TeeVee

A television set did not arrive at the house until I was five. This, observers suppose, explains a lot.

Ostensibly, it was purchased and installed to celebrate that grand occasion.

But, as quickly became clear, the half-decade marker of distinction had little to do with the appliance’s arrival. Very little.

Though almost immediately well-known to be a destroyer of morals and minds – as had radio and movies and comic books before TV – adults, apparently, were immune to such dysfunctional effects of the medium. Or maybe it was the sensitive fingertips that adults possessed and kids didn’t know enough to even yearn for.

The TV’s channel selector – a rotary dial device that made an audible “Clunk!” when moved clockwise or counterclockwise from station to station – was managed by grown-ups. (Funny expression.) And grown-ups selected such fare as Leonard Bernstein and another guy who goofed around on the piano, Victor Borge.

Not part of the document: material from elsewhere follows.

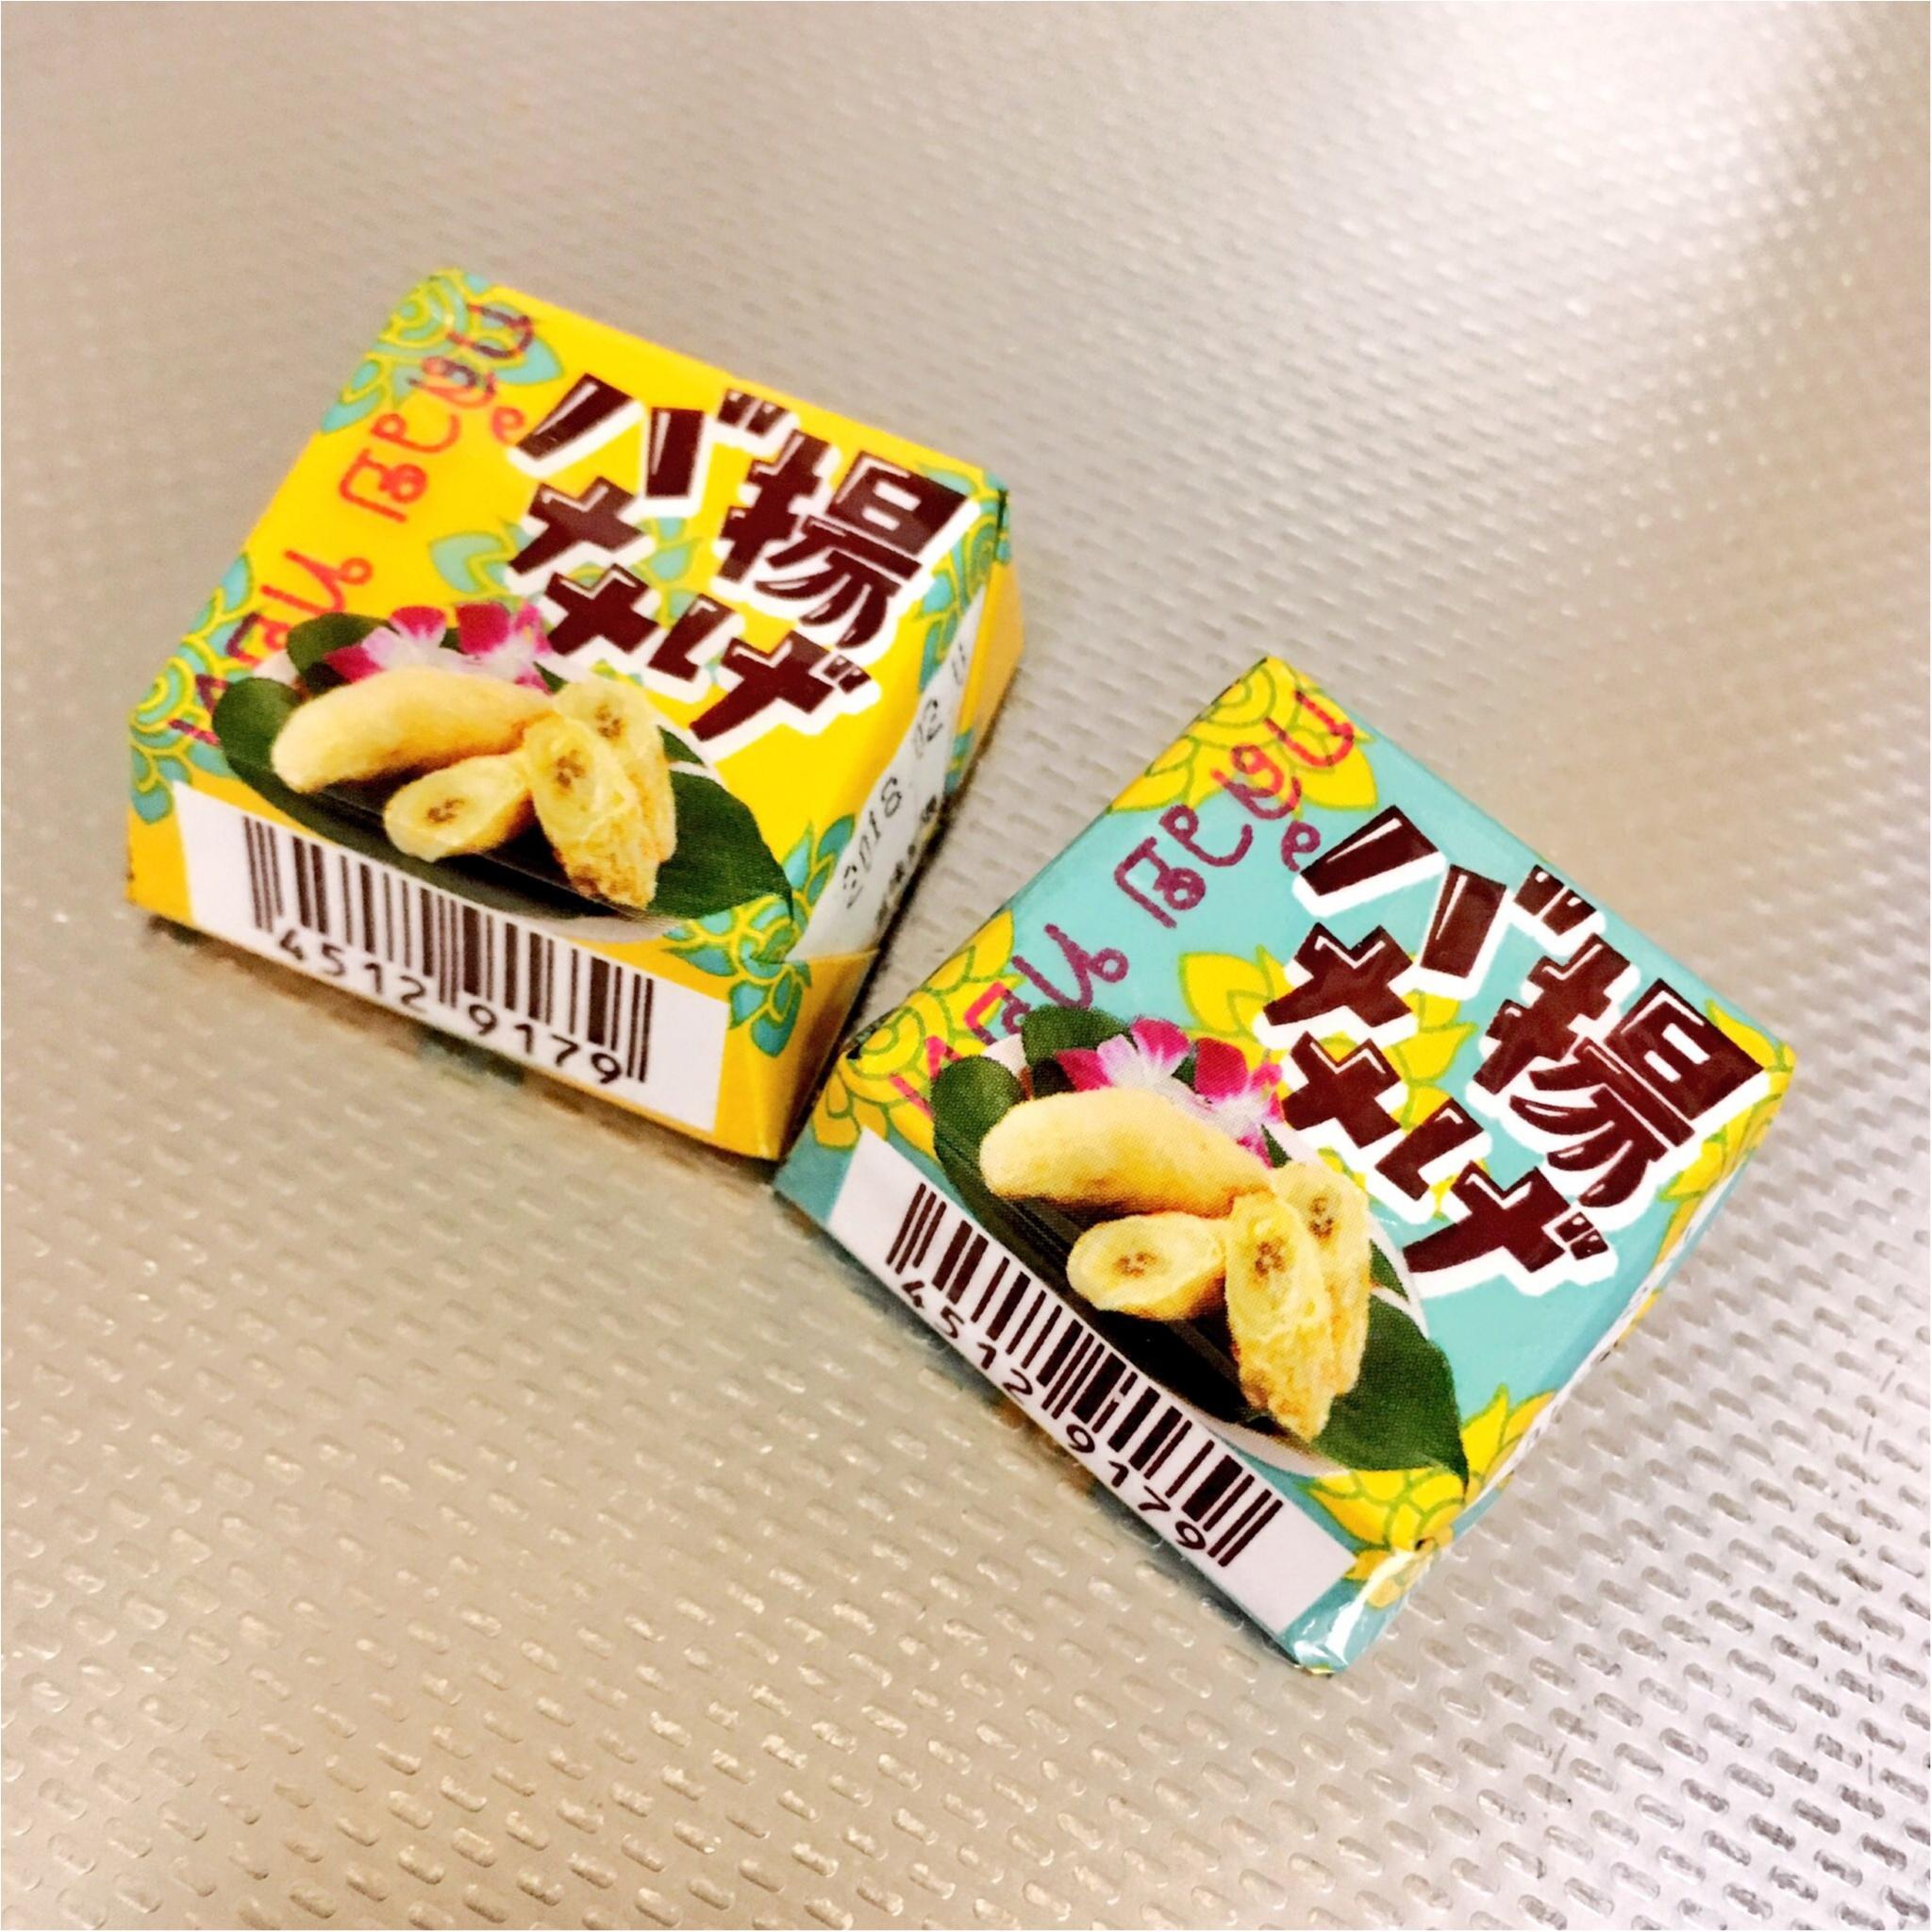 《揚げバナナ》なチロルチョコ!?♡_1

While child-appropriate, educational TV was available – from Little Rascals to Laurel and Hardy and other sophisticated comedians, plus drama in the Wild West, Hopalong Cassidy – children, including and maybe especially me, rarely had access. In fact, one had to go to the neighbor’s, where friendly, understanding and liberal parents lived, to enjoy these high-brow, black and white 30-minute operas.

All of this, of course, explains much about why Baby Boomers are the way they are. Neither rock ‘n roll nor suburbanization – and it wasn’t Beatniks who became Hippies, or wacko conservative third party politicians (or their opposite) no more than transistor radios – explain any of it.

Nor was it the medium – TV – per se.

Rather, the ruthless rule of the channel, the programmatic pummeling of force-fed classical music, all under the power of well intentioned but poorly administered parenting determined the fate of an entire generation.

This is true. You can look it up.

Take away Lash Larue and see what happens. Ban “Top Cat” at your peril! And try convincing your kids that Officer Joe Bolton is a real cop that they really might encounter on the street one day are sure-ways to dissemble adult credibility.

The one saving grace: “Million Dollar Movie.” Ushered in by a swelling orchestral rendition of the theme from Gone With the Wind, a picture everyone could agree on, and occupy a running time nearly equal to the real Civil War.

It was, after all, a million-dollar movie. Big money in 1957. Practically the cost of the New TV.